This was a running debate between students and teachers at my school until some time during the 11th grade. We liked our toys, and wanted to believe laptops/tablets helped us learn better - the perfect excuse to use (and misuse) them frequently. Teachers weren’t stupid, and knew the misuse was at least as prevalent as legitimate use of these devices.
We got to the 11th grade, which is when we started the IB, and the debate was quickly settled. At that point, grades really start to matter, and the first week of school included a presentation on different ways to learn, study techniques, and the science behind these strategies. It turns out the evidence overwhelmingly favors paper over electronics when you take notes. This is because:
- You probably write exams by hand, and study conditions that are similar to exam conditions help recall. This is also why some teachers recommend chewing a specific flavor of gum only when you study their subject or when you take an exam.

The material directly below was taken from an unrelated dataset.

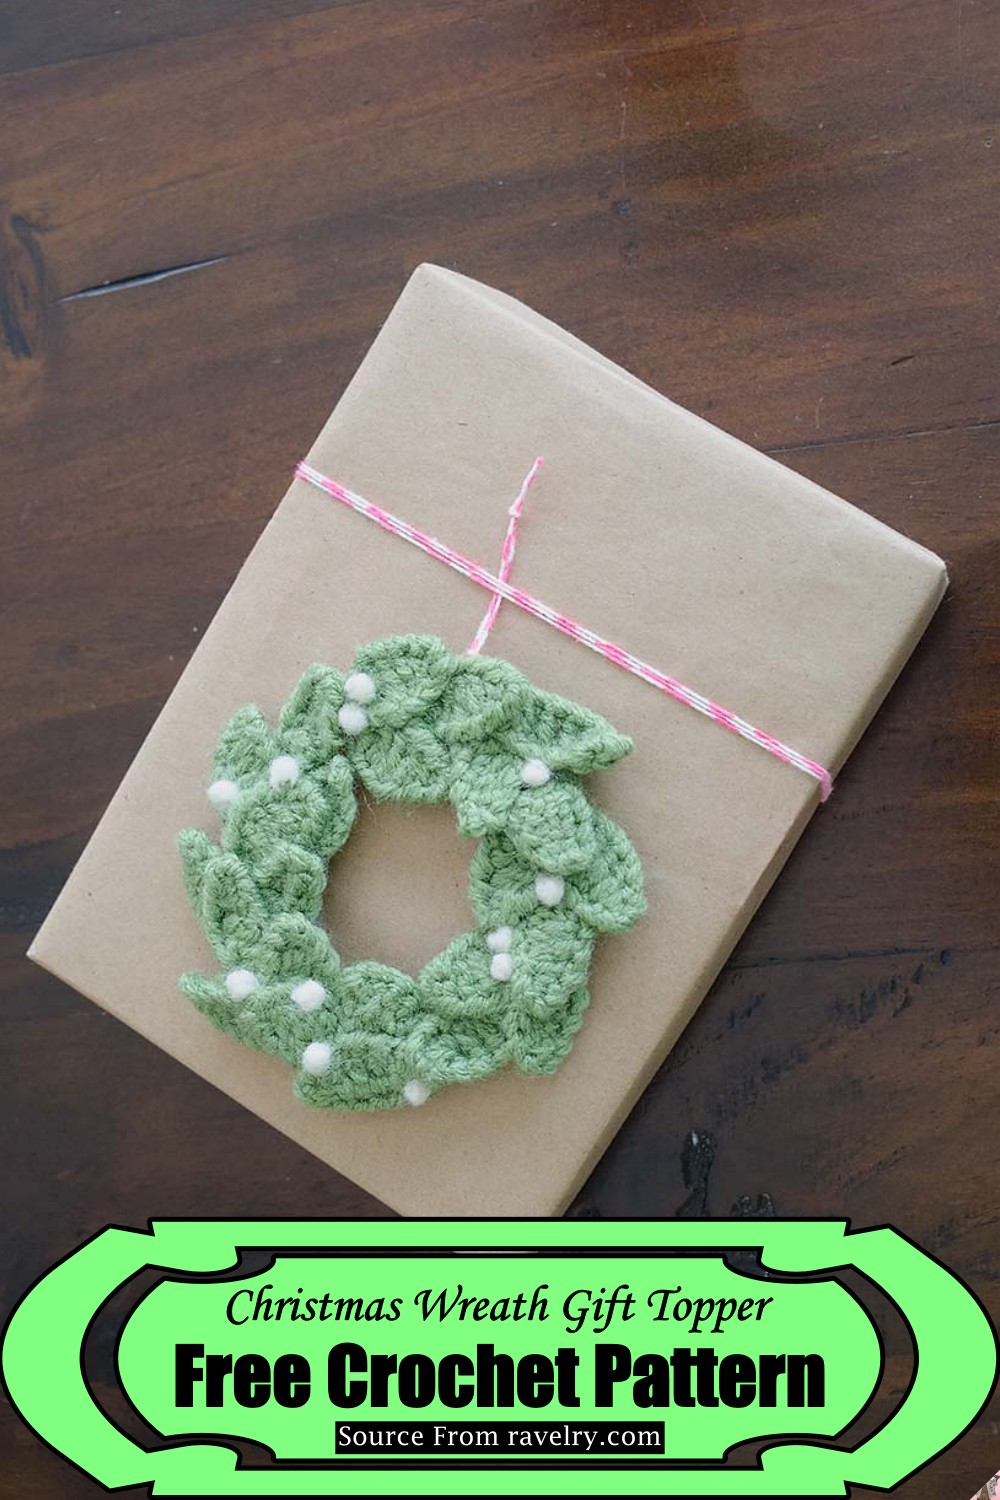 Crochet Christmas Wreath Gift Topper Pattern

- By writing information down, it becomes more strongly imprinted in your mind compared to typing it on a computer. I don't recall the scientific cause, but the research was unambiguous on this point.
- Electronics, as you noted, put distractions within easy reach.
It’s also simpler to combine notes and diagrams on paper than in an electronic file,* which helps because perceiving information through multiple pathways (visual, auditory, kinesthetic) adds a lot of recall above and beyond what you’d get by simply reading a textbook/powerpoint, although reading has its place as another pathway.
*Copy-pasting diagrams is easy, but it’s the process of drawing them that has the greatest benefits for recall. Even if you’re no great artist, this works; a fair number of my diagrams make Salvador Dali paintings look realistic, and that hasn’t been an issue.
Because repetition also increases recall, which ordinarily will drop over time, when there’s video of a lecture available you may want to attend the lecture and simply observe, then take notes from the video later in the day. Reviewing the notes the next day, condensing them in a week, and reviewing them again in a month, 2 months, etc. has been shown to boost recall from 20% to 70% or 80%. See this graph, though it’s probably a little optimistic in assuming 95% recall in time:
MODERATOR’S NOTE: Deleted link - not allowed.
There’s more, but those are the key points IMHO.